» **Problem details**
In the listing below, find the line with "In Loving Memory" and copy every line from there up to and including the line with "Medical illustration of", exactly and without pictures.

» **Available data**

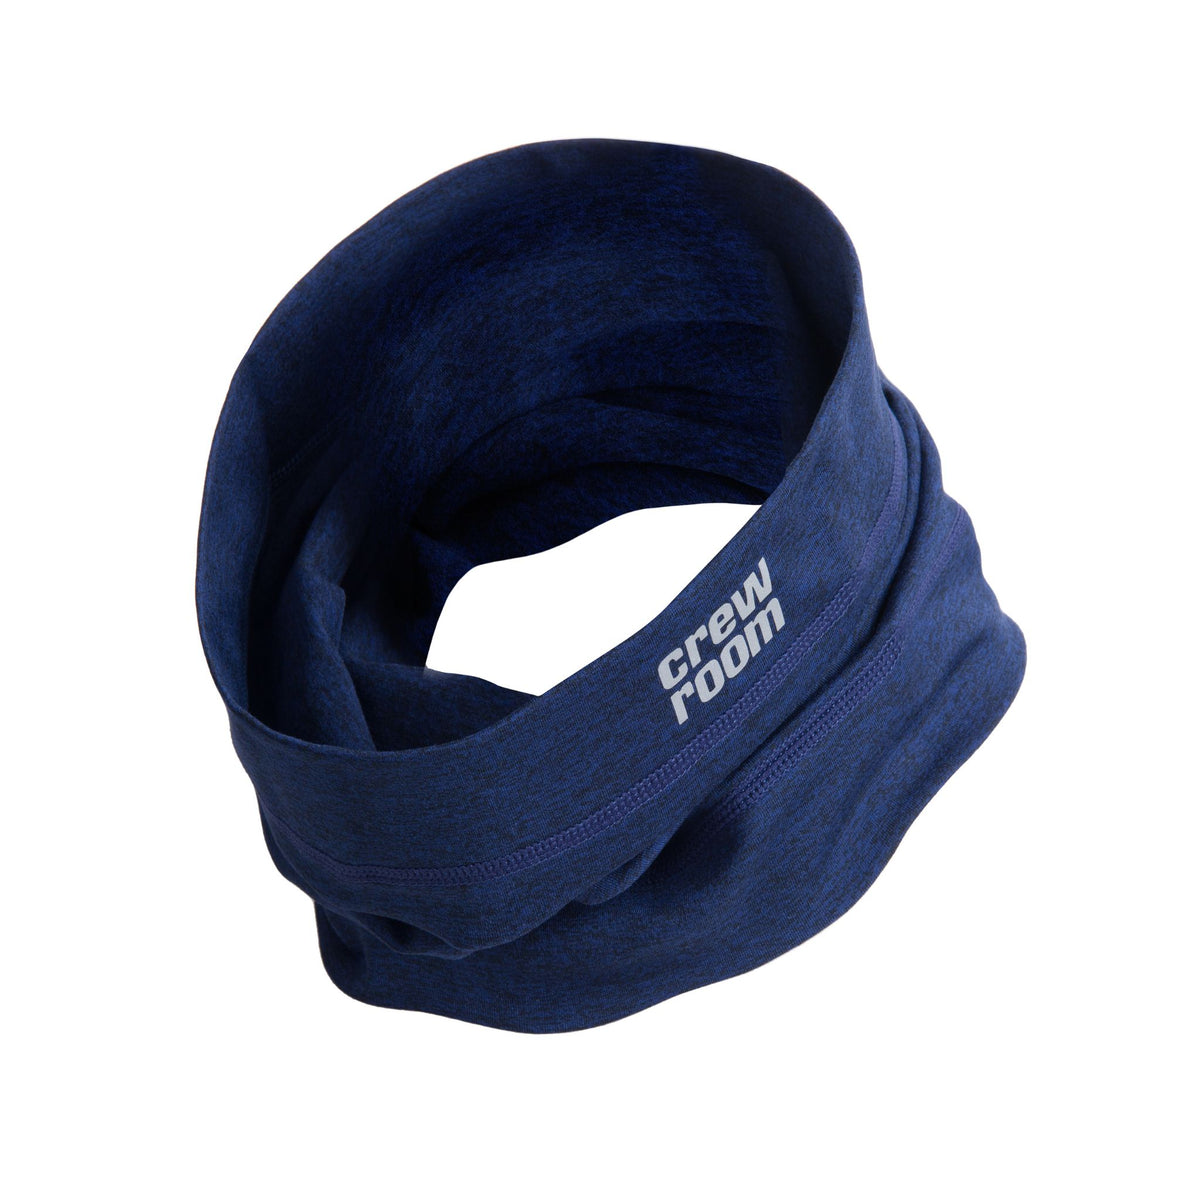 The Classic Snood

==

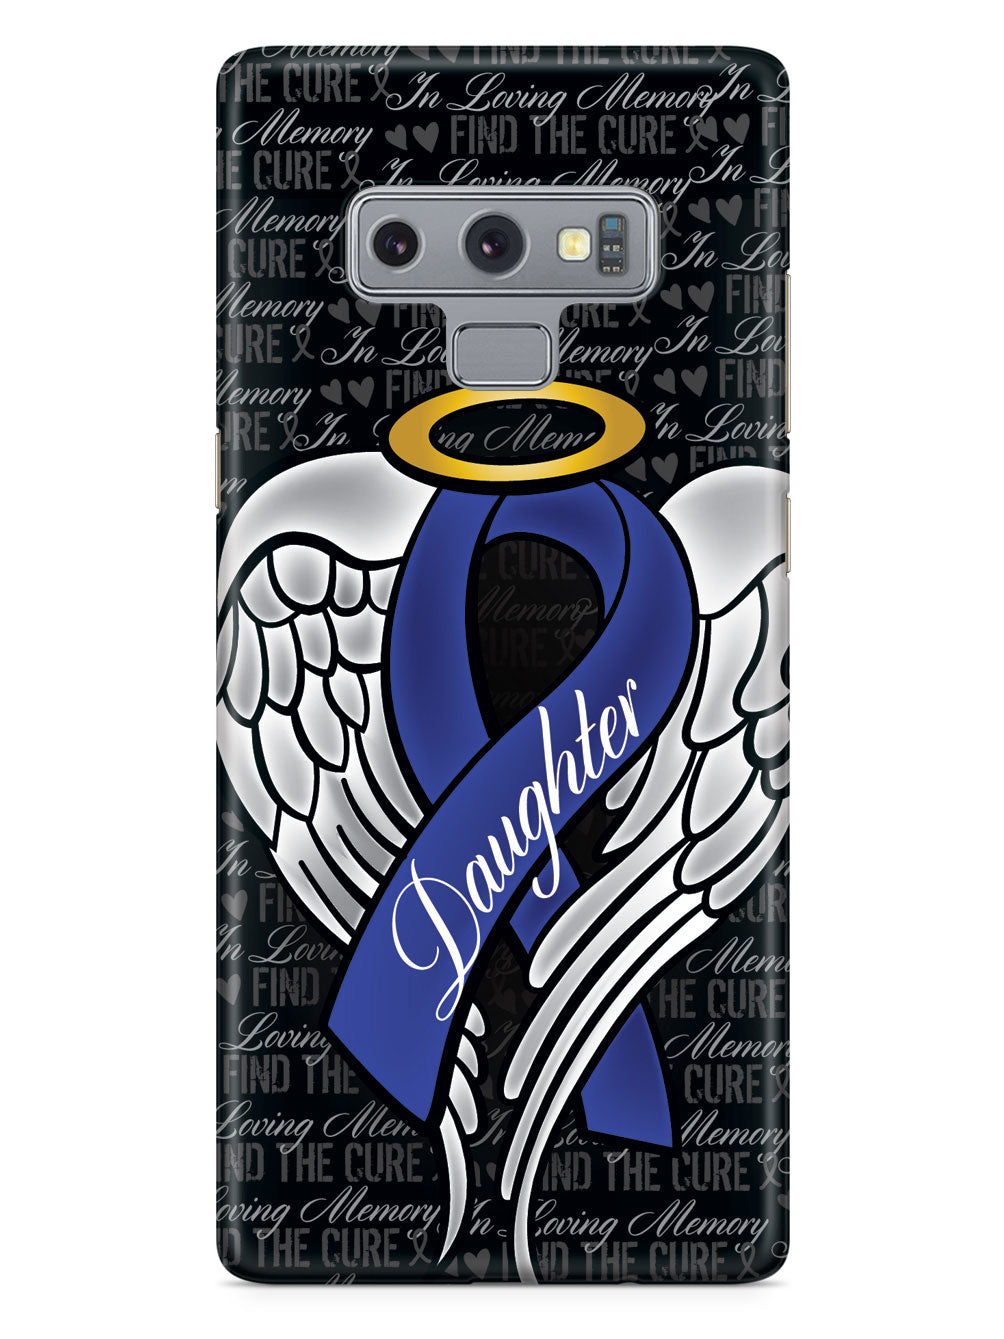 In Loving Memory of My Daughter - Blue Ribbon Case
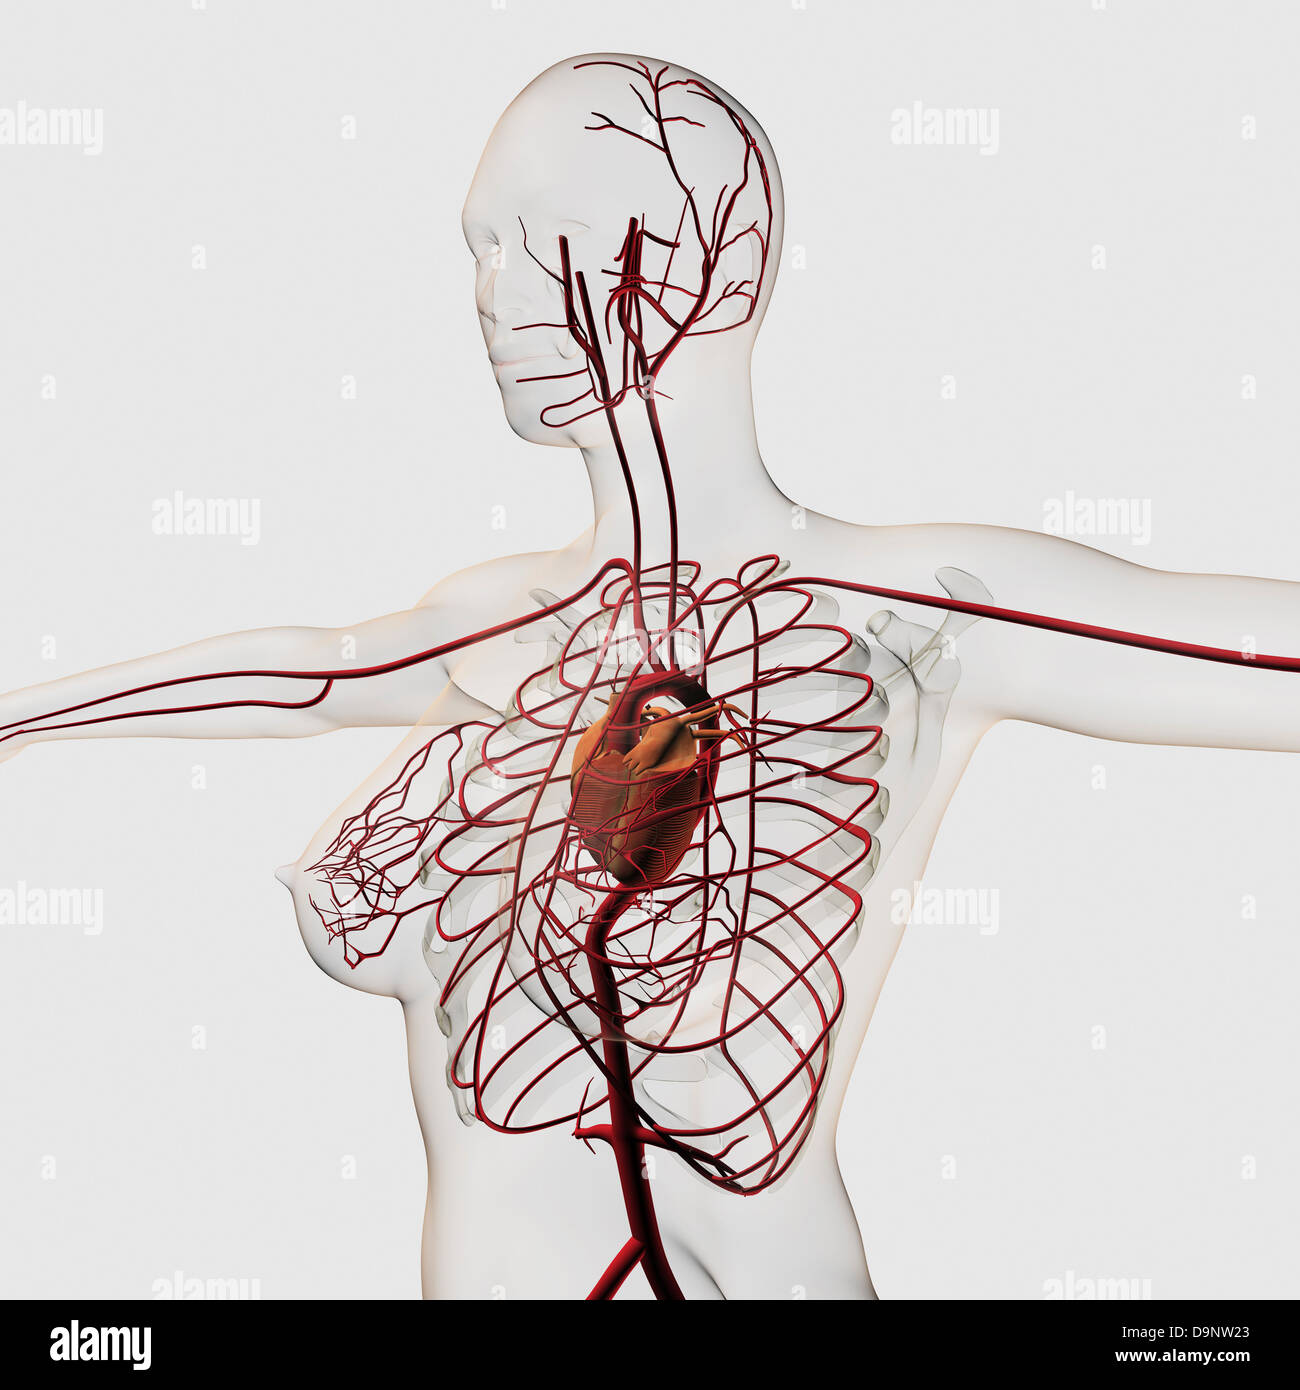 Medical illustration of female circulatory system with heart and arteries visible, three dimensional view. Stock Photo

» **Problem solution**
 In Loving Memory of My Daughter - Blue Ribbon Case
 Medical illustration of female circulatory system with heart and arteries visible, three dimensional view. Stock Photo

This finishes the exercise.